** PROBLEM STATEMENT **
Look through the data below and output, unchanged, every line from the one holding "Alno Impuls Kitchens" through the one holding "Beneficios de la", inclusive. Skip the pictures.

** RECORDS TO USE **
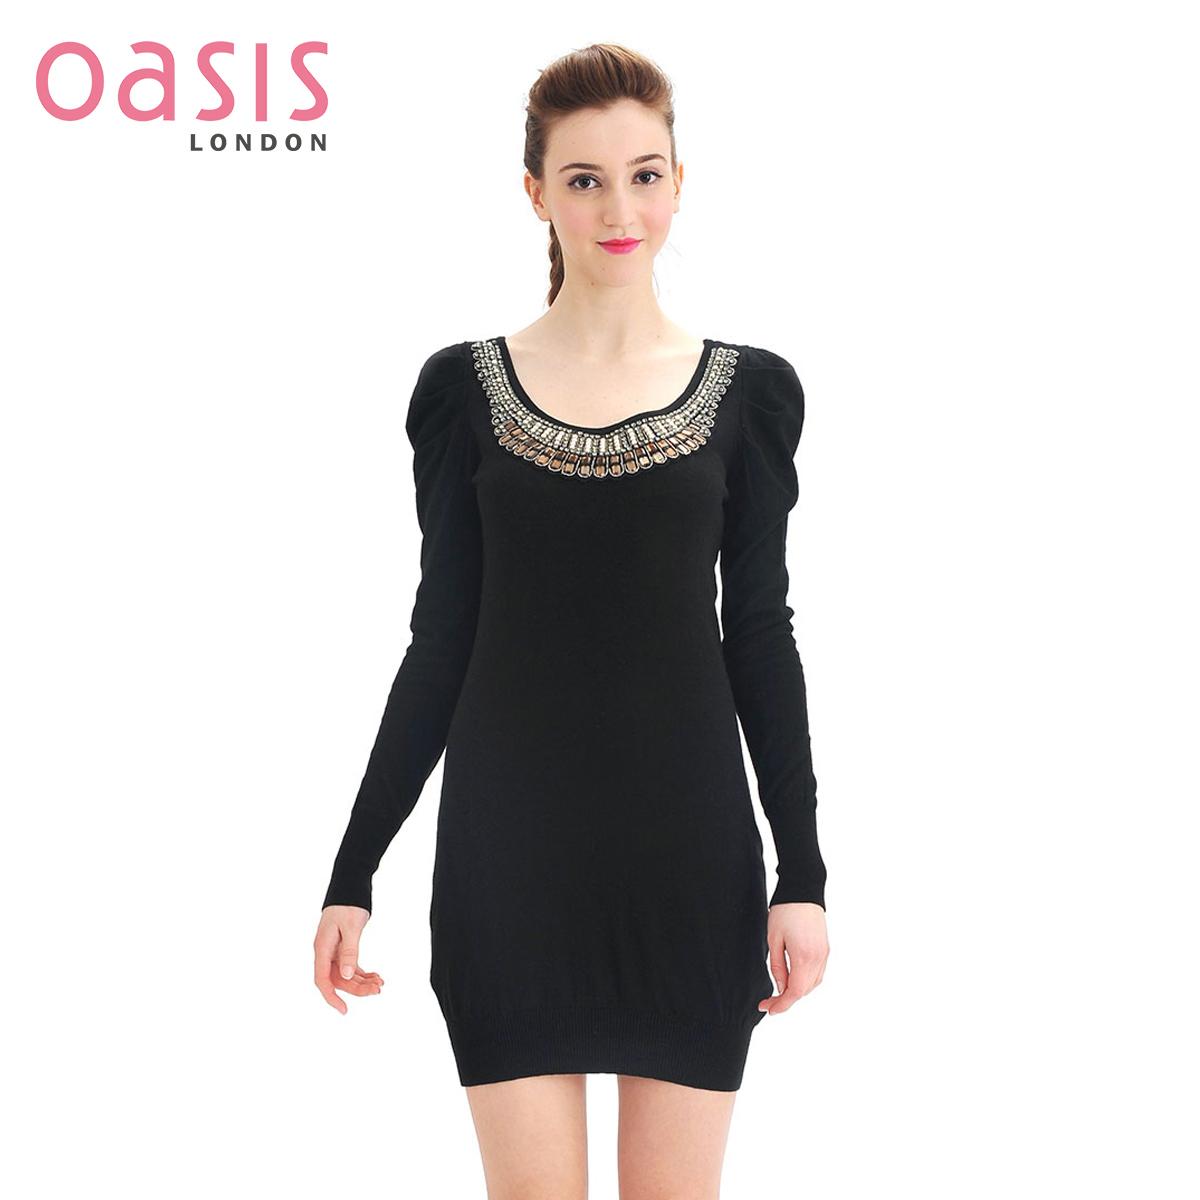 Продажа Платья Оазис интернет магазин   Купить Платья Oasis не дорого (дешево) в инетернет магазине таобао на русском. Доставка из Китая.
---
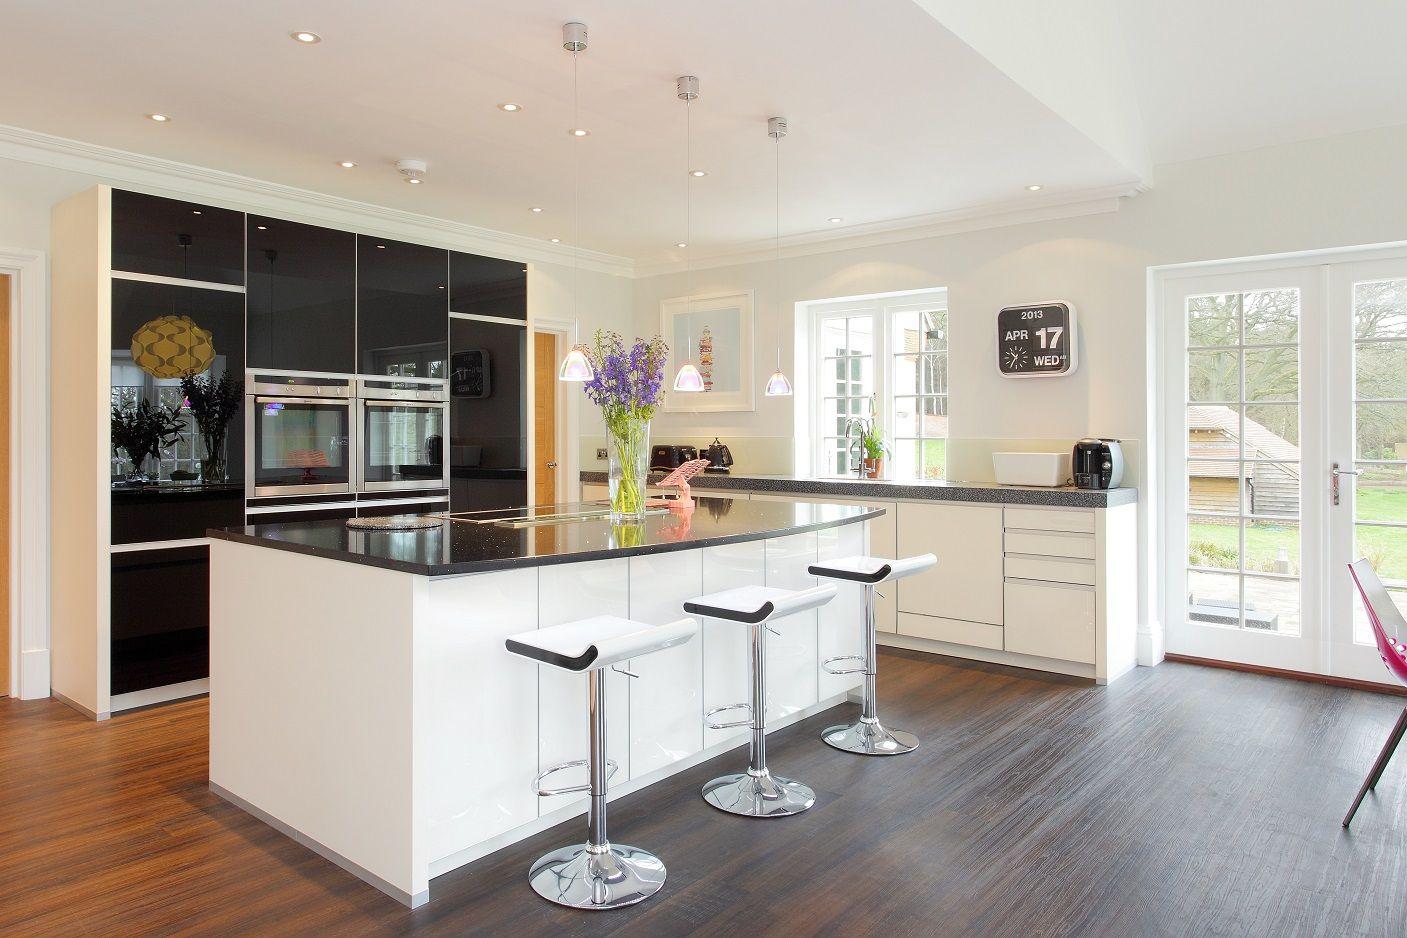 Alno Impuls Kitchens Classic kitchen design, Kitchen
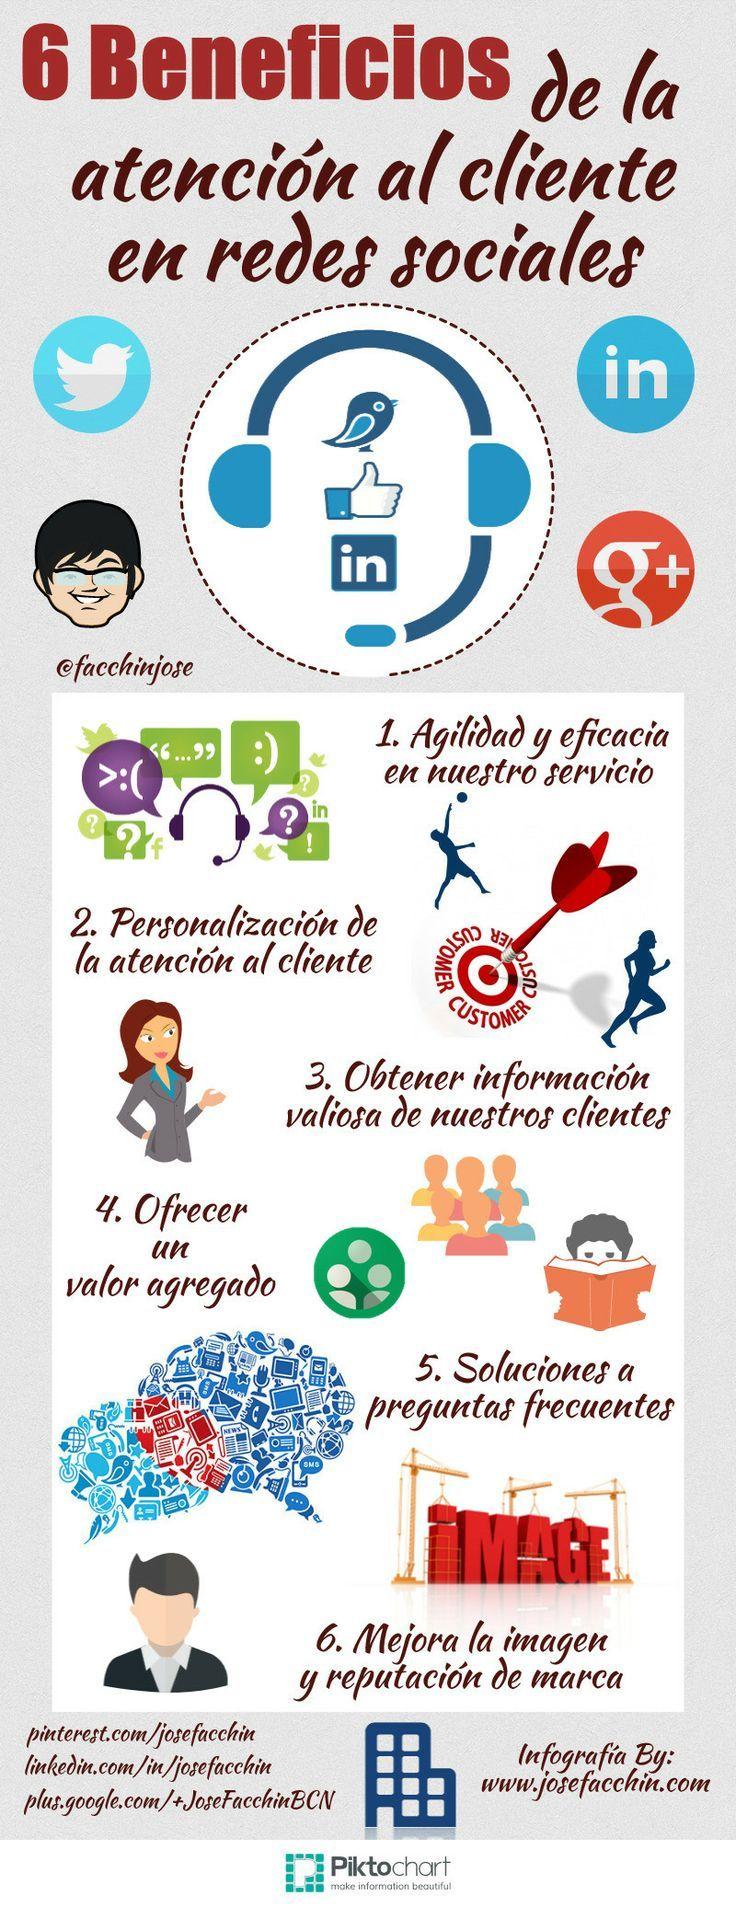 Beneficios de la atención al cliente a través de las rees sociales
* * *
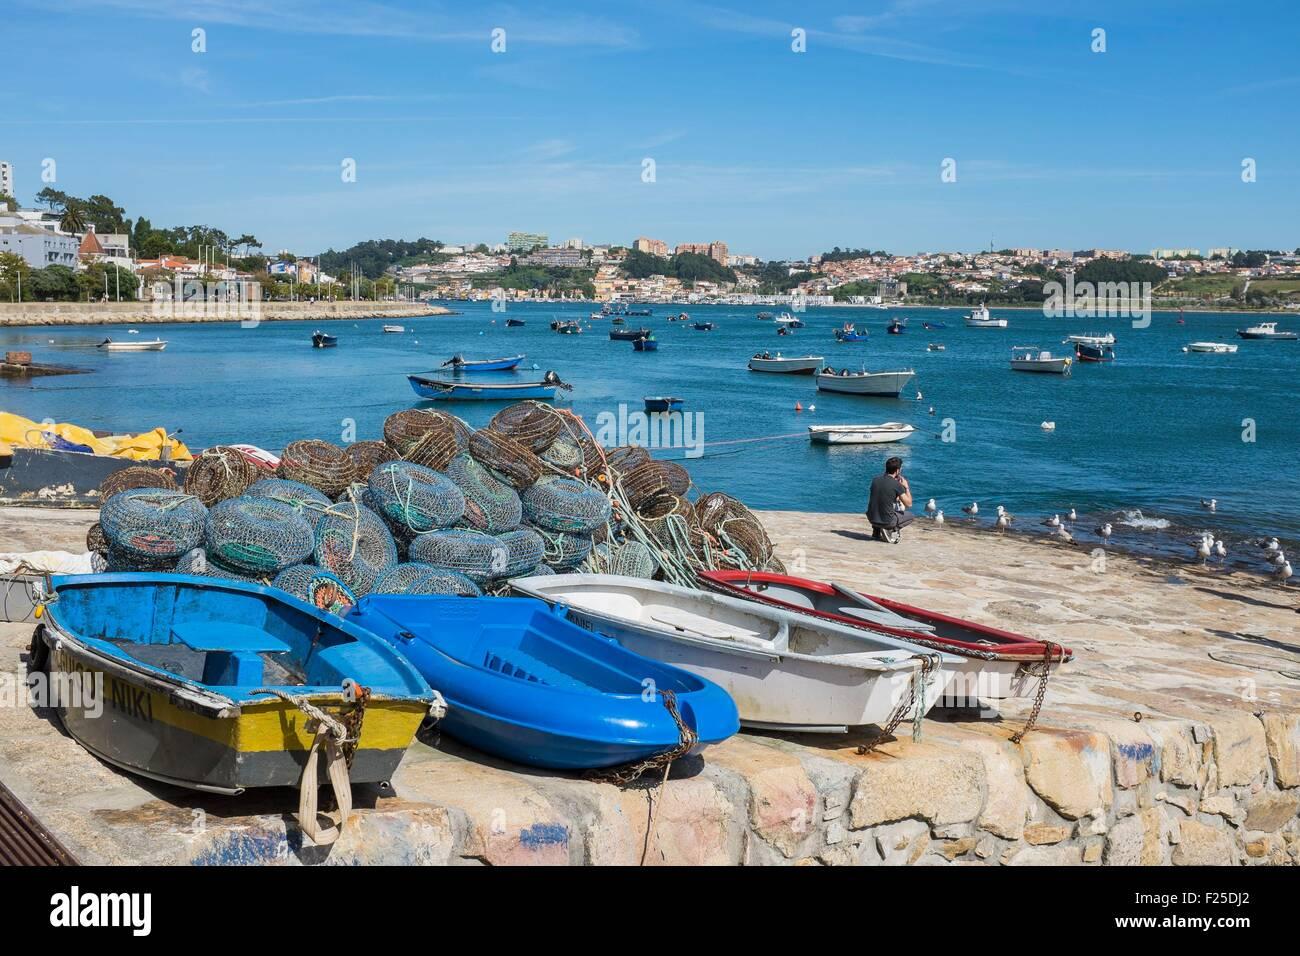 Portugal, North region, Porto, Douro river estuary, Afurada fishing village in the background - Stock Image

** RESPONSE TO THE TASK **
 Alno Impuls Kitchens Classic kitchen design, Kitchen
 Beneficios de la atención al cliente a través de las rees sociales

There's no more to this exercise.